Assignment: Copy nothing but the lines below, from the one with "Delighted the April" through the one with "Brand New: New", exactly as written; no pictures should appear.

Source data:
____

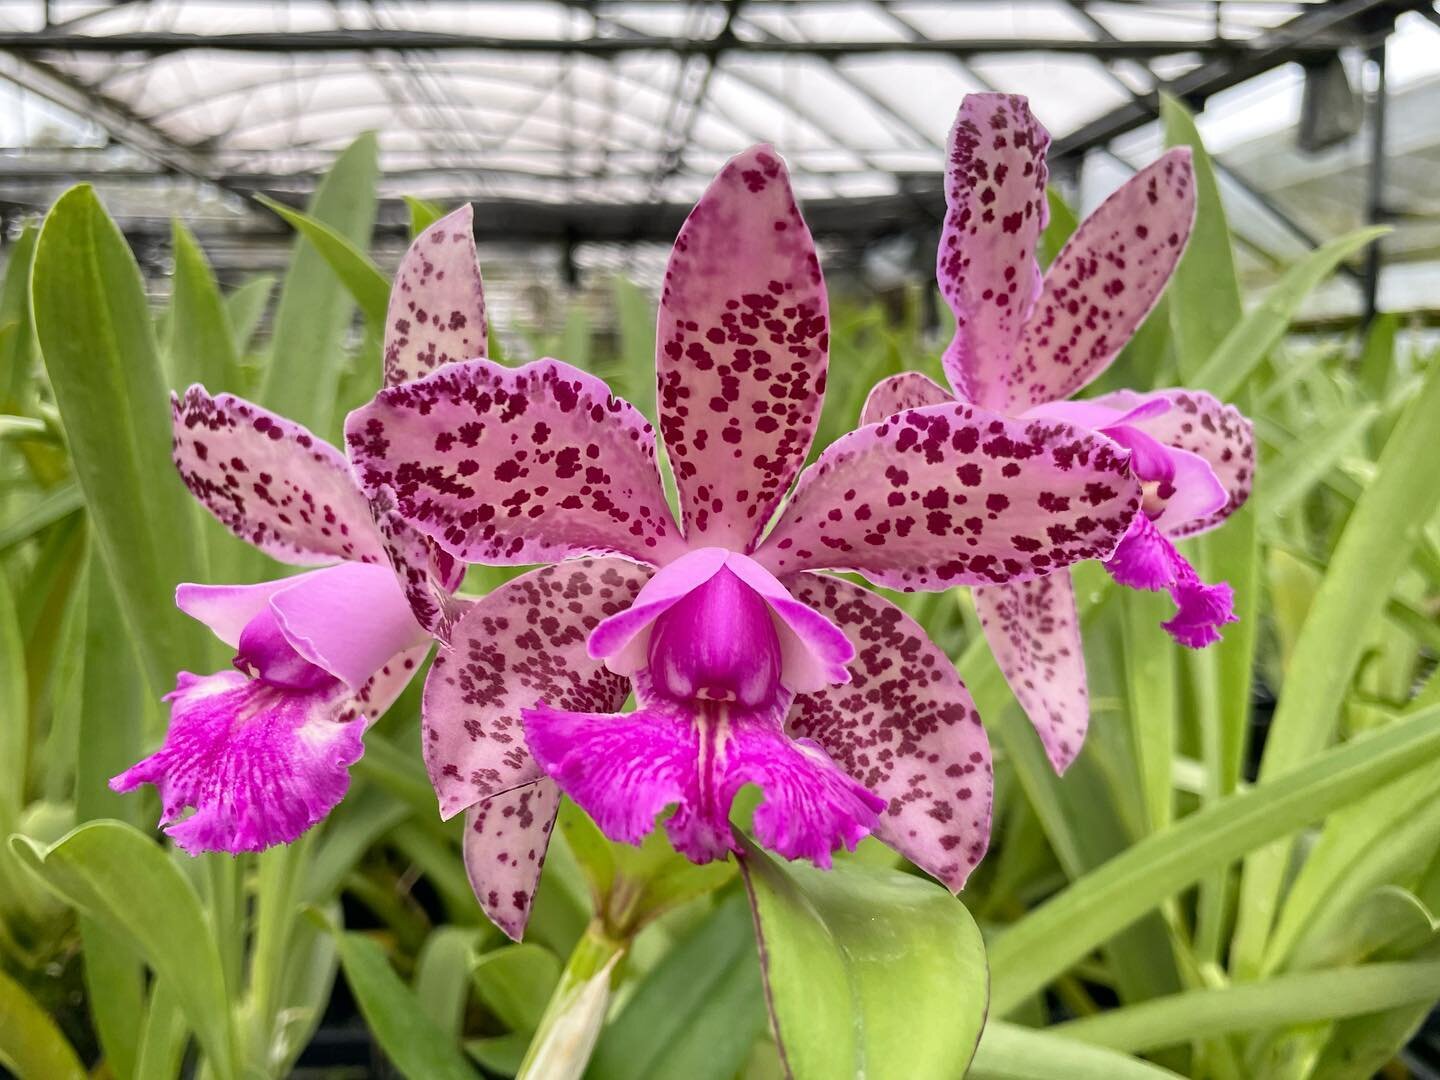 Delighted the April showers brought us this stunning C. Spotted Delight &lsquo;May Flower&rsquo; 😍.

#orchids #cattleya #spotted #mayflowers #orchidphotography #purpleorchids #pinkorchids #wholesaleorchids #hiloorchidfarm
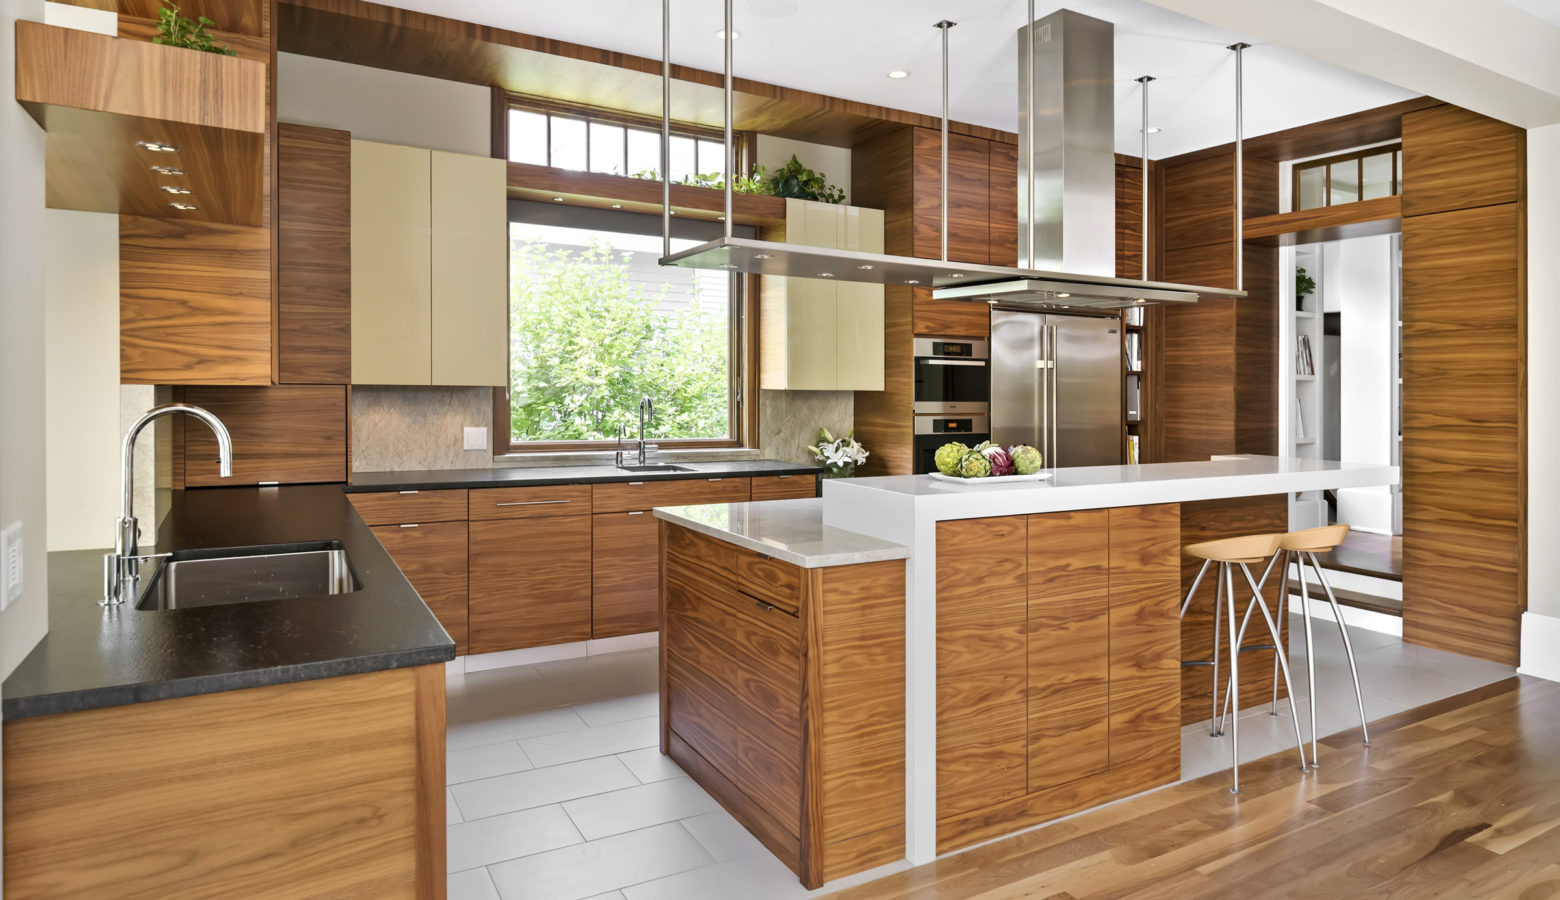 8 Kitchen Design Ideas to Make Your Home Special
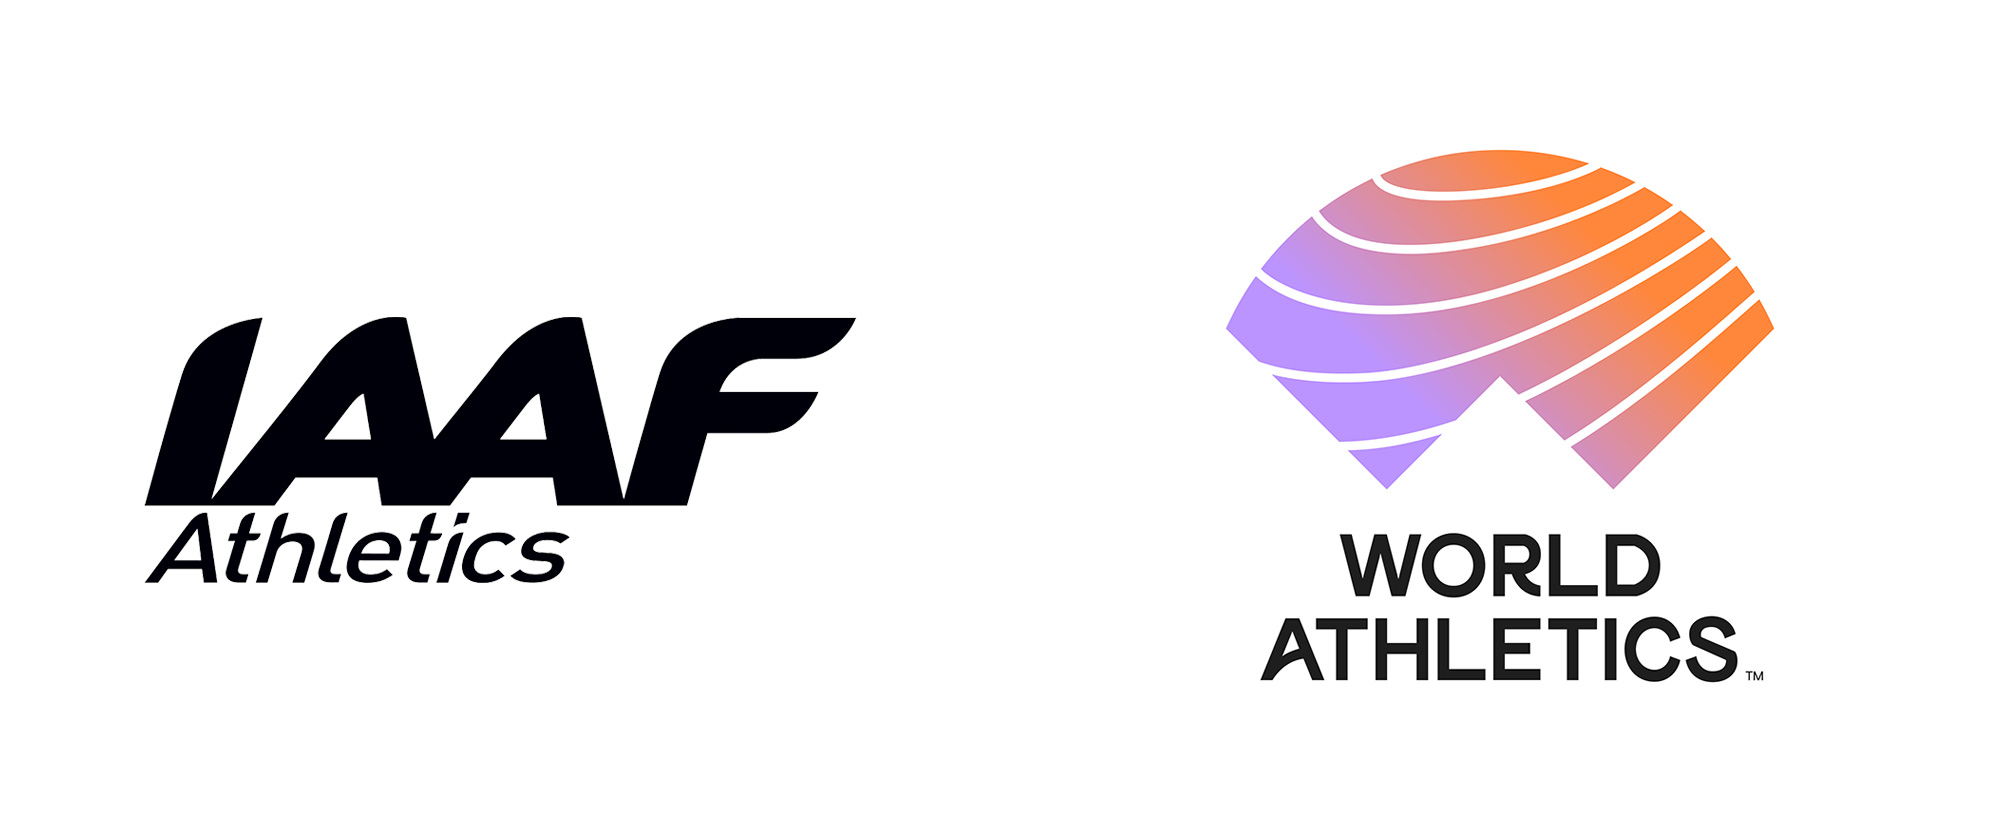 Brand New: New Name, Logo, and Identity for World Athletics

____

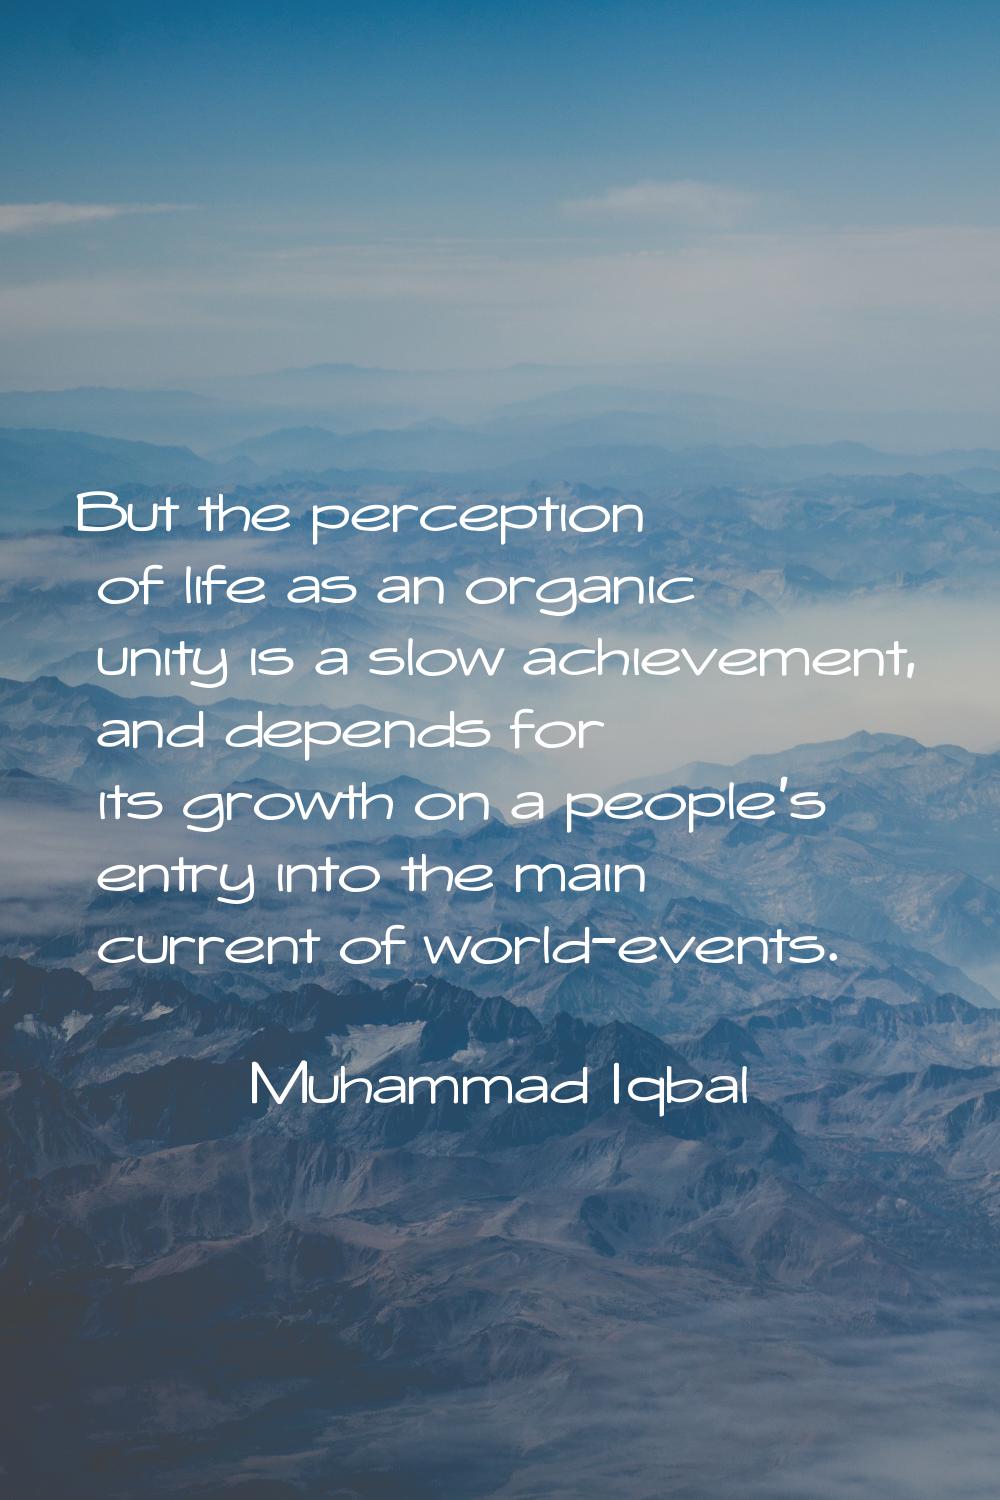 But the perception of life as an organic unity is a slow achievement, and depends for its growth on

____

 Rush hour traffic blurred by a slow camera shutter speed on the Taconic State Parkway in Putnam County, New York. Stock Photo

____

Reply:
 Delighted the April showers brought us this stunning C. Spotted Delight &lsquo;May Flower&rsquo; 😍.

#orchids #cattleya #spotted #mayflowers #orchidphotography #purpleorchids #pinkorchids #wholesaleorchids #hiloorchidfarm
 8 Kitchen Design Ideas to Make Your Home Special
 Brand New: New Name, Logo, and Identity for World Athletics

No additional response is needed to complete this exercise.